Писатель выступает против таких выражений, поскольку вместе с новыми оттенками смысла изменяется и отношение к красоте: смысл «хорошего» могут придать и поверхностно красивому, чего русский человек не допустил бы раньше. Этого опасался и Лев Толстой, но опасался напрасно: на наше отношение к красивому и хорошему чужие представления не оказали влияния. Наоборот, они его усилили, вторичными значениями слов подчеркнув условность поверхностной красивости.
Переложения смысла иноземных слов иногда были попросту символическими, но и они как бы вкладывались в национальную русскую традицию по образцам ее; иначе новое значение слова просто не поняли бы.

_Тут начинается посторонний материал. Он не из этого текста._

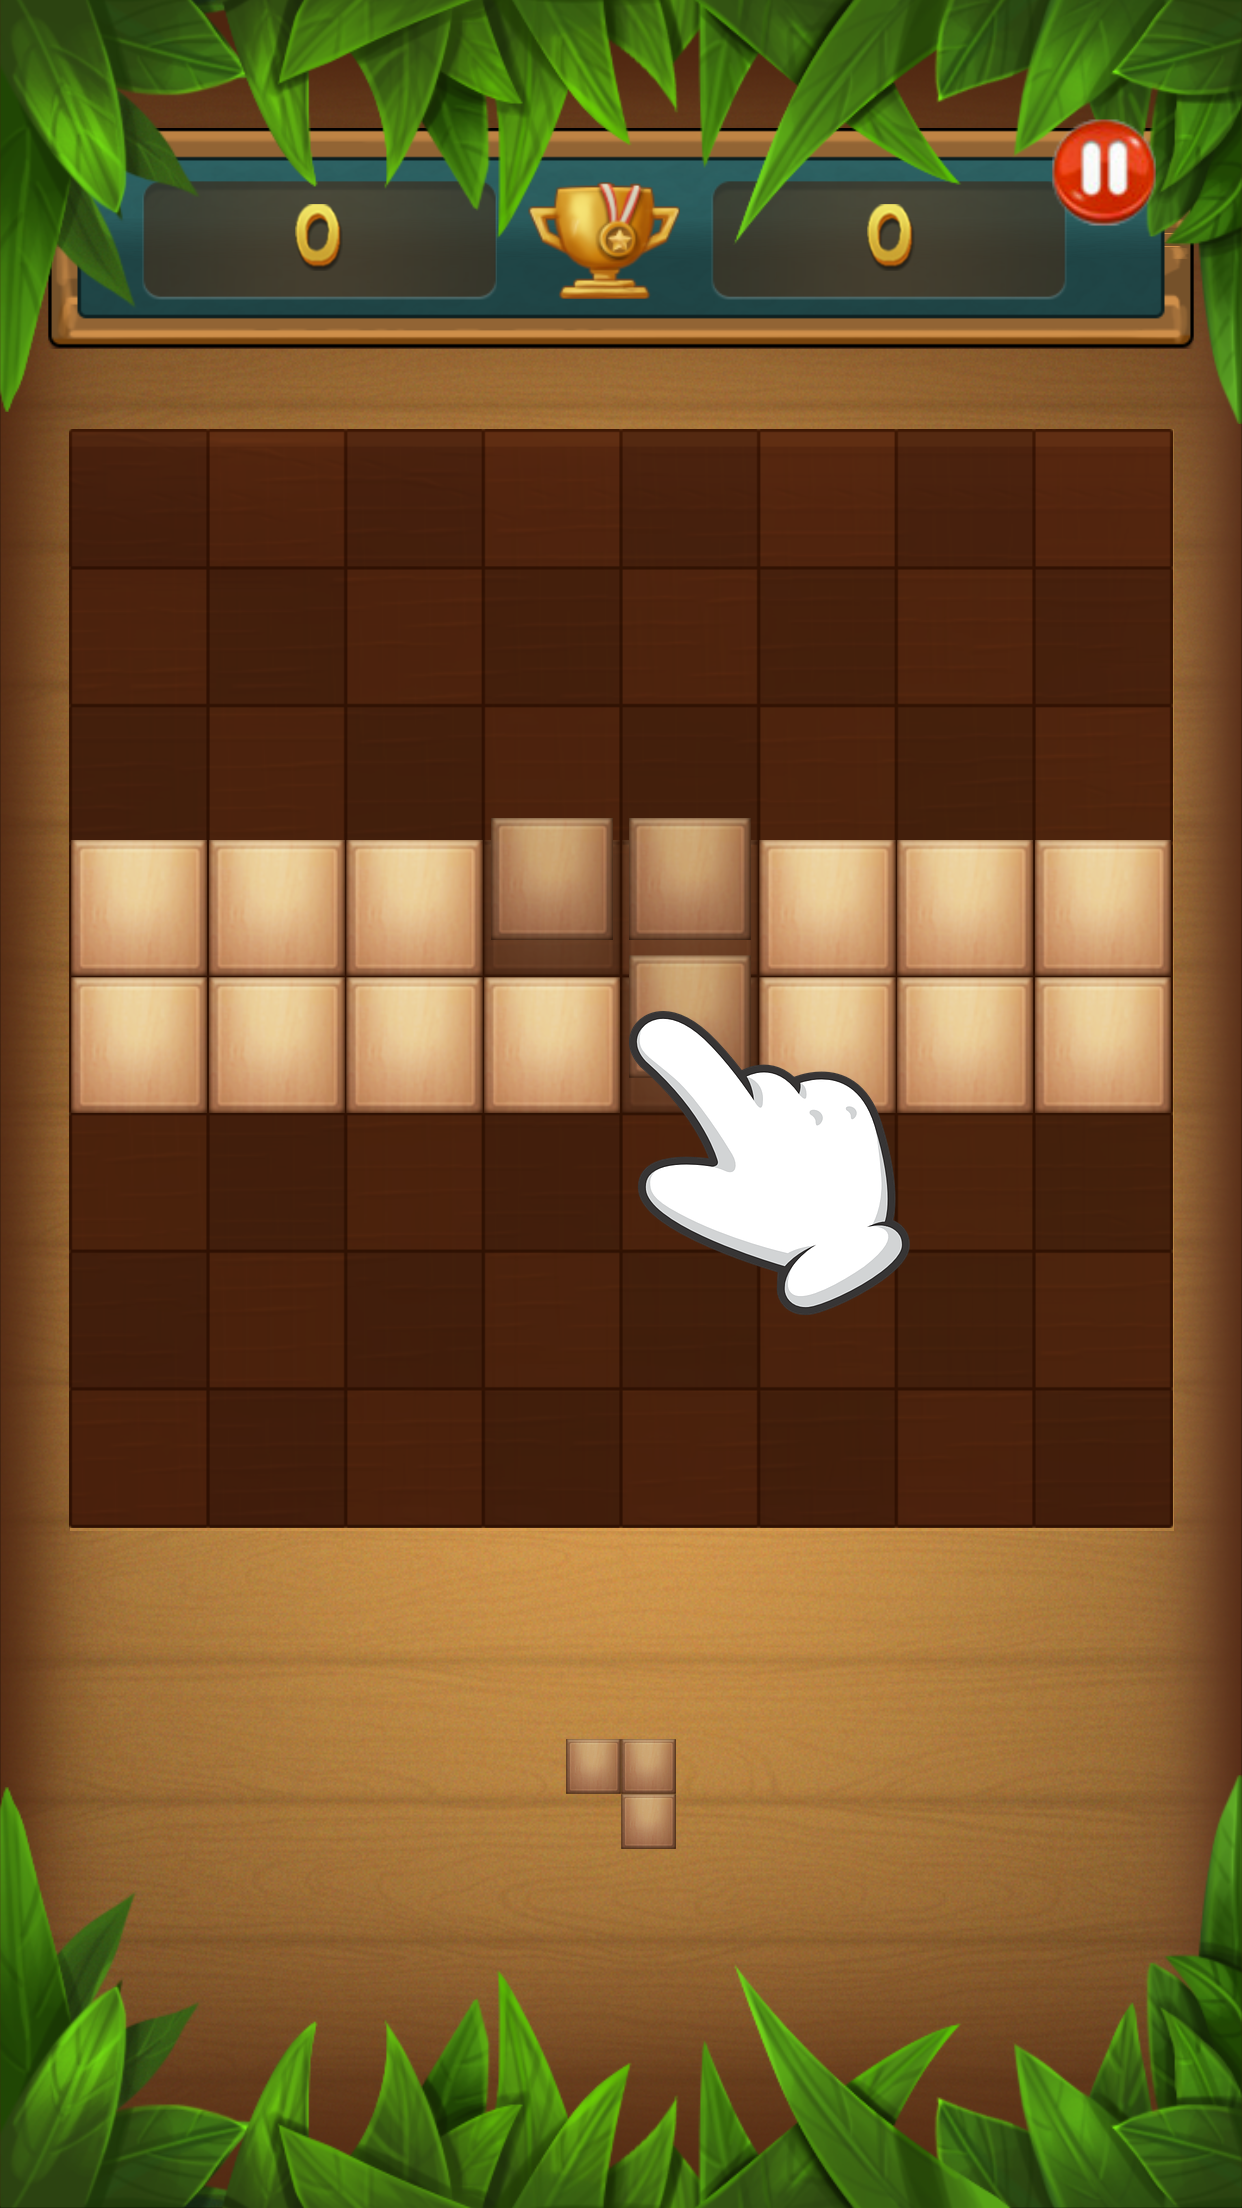 Screenshot 1 of Rompecabezas de bloques de madera 1.1.18

В 50-х годах XIX века, вспоминают современники, всюду стали поговаривать: «смотрите: такой-то — красный». Слово красный в этом значении только что входило в разговор и, как модный кафтан, надевалось на всякого. В мемуарах множество примеров неточного употребления слова, поскольку «красным считался всякий, кто в душе не был холопом». Так и новгородского губернатора при Николае I считали «красным», поскольку он требовал уважения к закону; из комиссии по подготовке уложения об освобождении крестьян в 1860 году выведены как «красные» те, кто не угодничал перед царем. Газеты запутались, называя «красными» то славянофилов (ходят по праздникам в русских красных рубашках), то нигилистов, то либералов европейского пошиба (читают парижские журналы). «Красными» называли своих политических противников, кем бы они ни были. Красное стало политическим цветом, первым символом в общественной жизни России XIX века. А смысл символа — заимствован.
После европейских революций 1848 года французское слово
Красный — красивый, яркий, цвет жизни, добра и солнца; цвет надежды и будущего. Но и белый в глазах «белого» — цвет закона и порядка, а значит — цвет монархистов. Красный стал революционно красным в противоположность к реакционному белому, и эти новые значения слов оказались совершенно русскими. Другие языки, развивая переносный смысл этих слов сегодня, пользуются русским политическим опытом.
В постоянной замене старых слов новыми иногда совершенно утрачивалось и ощущение «родного» слова — начиналась сумятица. Известны слова Пушкина: «Недуг… подобный английскому сплину, короче: русская хандра». Так взаимное отношение этих слов понимали и современники поэта. Между тем, и хандра — искаженное разговорной речью греческое слово — сравните современный термин ипохондрия. В одной из пьес Островского купец говорит: «Компромисс или, по-русски сказать, фортель», но фортель — слово немецкое, пришло к нам через Польшу: это выгода, хитрость. Совсем уж непонятным кажется пример, приведенный Д. Н. Ушаковым, — слова трамвайного кондуктора в 20-е годы: «Ну, конечно, у кого есть рука, или просто, по-русски сказать, — протекция, — тоща другое дело!» Действительно, иметь руку — германизм в нашей речи и значит покровительство; однако и протекция — латинское слово, которое обозначает защиту. Все дело в том, что хандра известна русским с XVI века, фортель — с XVII, протекция — с XVIII, тогда как сплин, компромисс или русское рука — перевод чужого слова, только-только входят в оборот. Новое же истолковывается посредством старого, привычного. Новое — всегда чужое, а значит, и чуждое — воспринимается как заимствованное. Иллюзию «русскости» слова создают привычка и его распространенность.
Машина
Может случиться и так, что чужое слово навсегда останется самым общим обозначением целого ряда последовательно возникающих и исчезающих явлений или предметов — всеобщим масштабом, всеобщим определением.